The Monday report described the test kit shortages as "severe" and shortfalls in PPE as "widespread" - compounding an already dangerous situation.
"Hospitals reported that widespread shortages of PPE put staff and patients at risk," reads the report, which consists of interviews with administrators from 323 hospitals chosen at random from across the country between March 23 and 27.
To make due, healthcare providers are turning to homemade or construction masks, as inadequate government supplies have resulted in desperate measures.
Hospitals said they are turning in some cases to construction masks or homemade masks, which they worried put staff at risk.
Supplies from government stockpiles did not always help. One hospital reported receiving 2,300 crucial N95 masks from a state stockpile, only to find they were not usable because the elastic bands had rotted. Another hospital said its last two shipments from a federal agency contained protective equipment that had expired in 2010. -The Hill
"The level of anxiety among staff is like nothing I’ve ever seen," said one hospital administrator.
Administrators also report disarray and rising prices due to so many entities competing for limited supplies of equipment.
"Hospitals often stated that they were in competition with other providers for limited supplies, and that government intervention and coordination could help reconcile this problem at the national level to provide equitable distribution of supplies throughout the country," the report reads, adding: "Hospitals reported that severe shortages of testing supplies and extended waits for test results limited hospitals’ ability to monitor the health of patients and staff," it added - while noting that test results for COVID-19 often take seven days or more, meaning hospitals are using beds and equipment for potentially negative patients while waiting on the results.
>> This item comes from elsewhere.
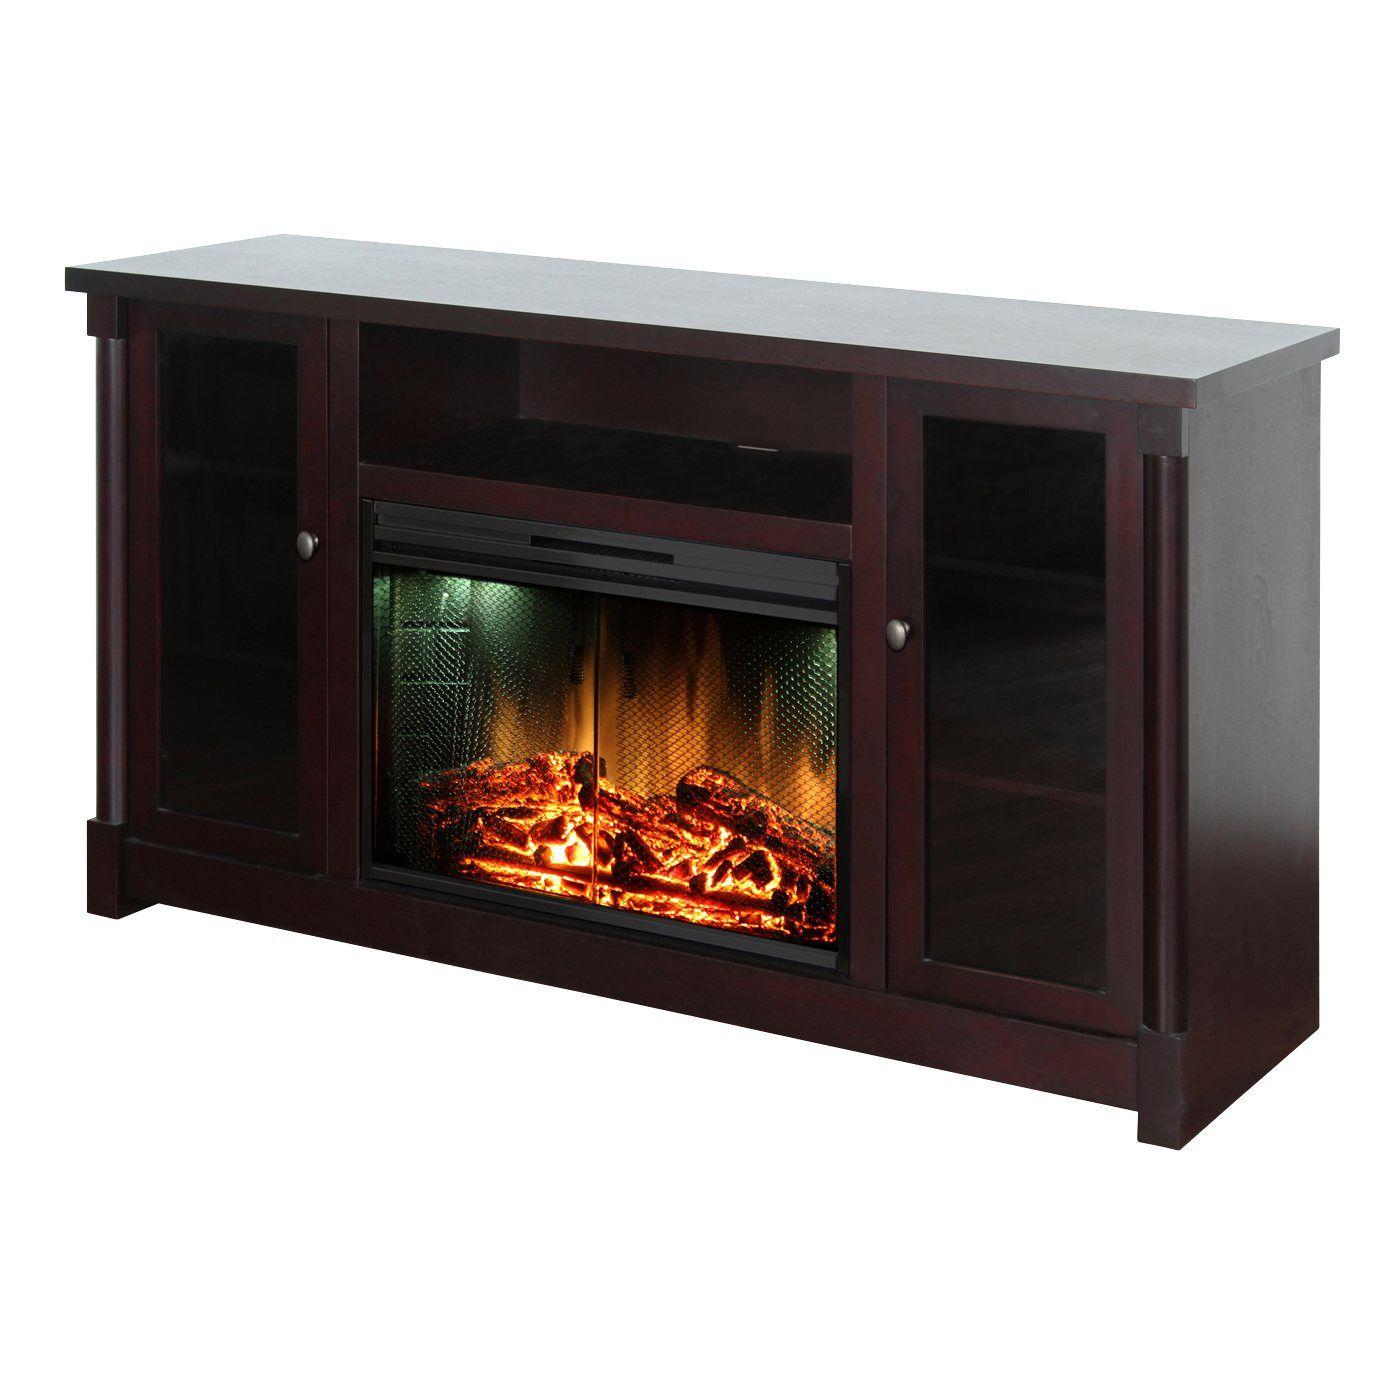 Muskoka Mtvs2520sdc Coventry Tv Stand Electric Fireplace Corner Fireplace Tv Stand Fireplace Tv Stand Electric Fireplace Tv Stand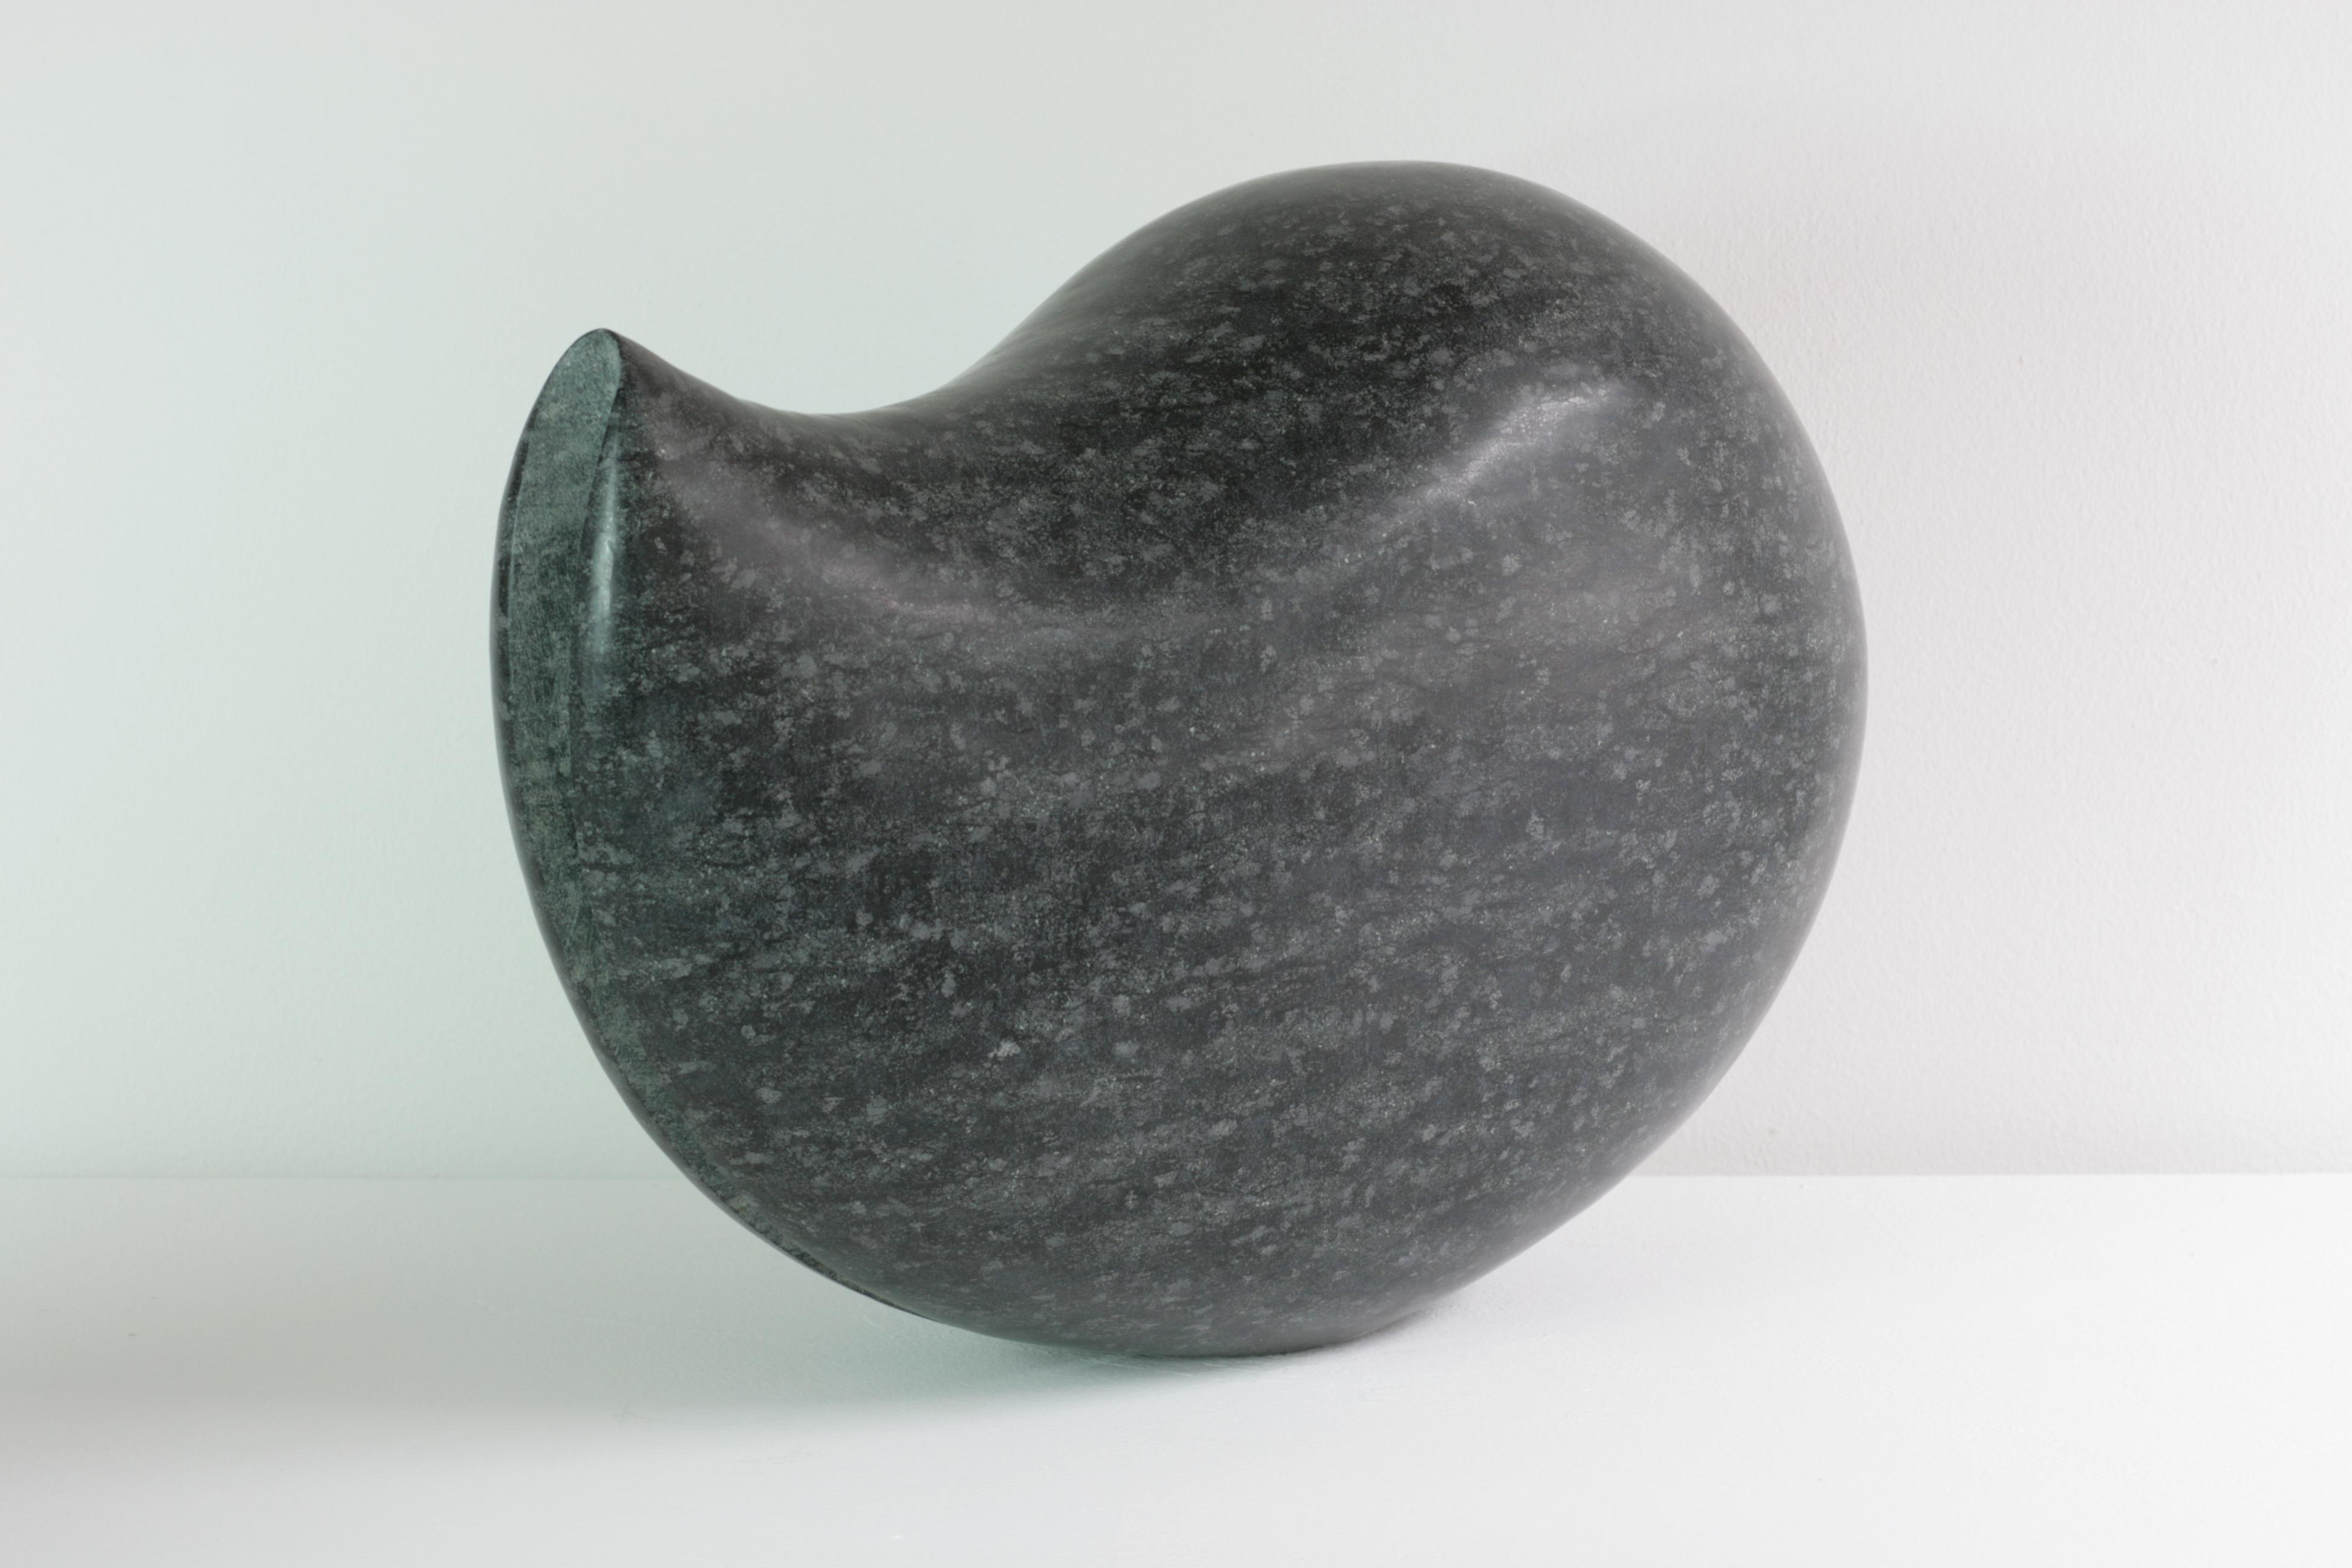 Regina Schnersch, Faltung II, 2009, Diabas, 42 x 20 x 30 cm

What's more, care facilities have been receiving conflicting guidance from state and federal authorities.
Lastly, and similar to what we've seen in Italy - anticipated ventilator shortages are going to force hospitals to limit who gets to use one.
"Hospitals anticipated that ventilator shortages would pose difficult decisions about ethical allocation and liability, although at the time of our survey no hospital reported limiting ventilator use," reads the report.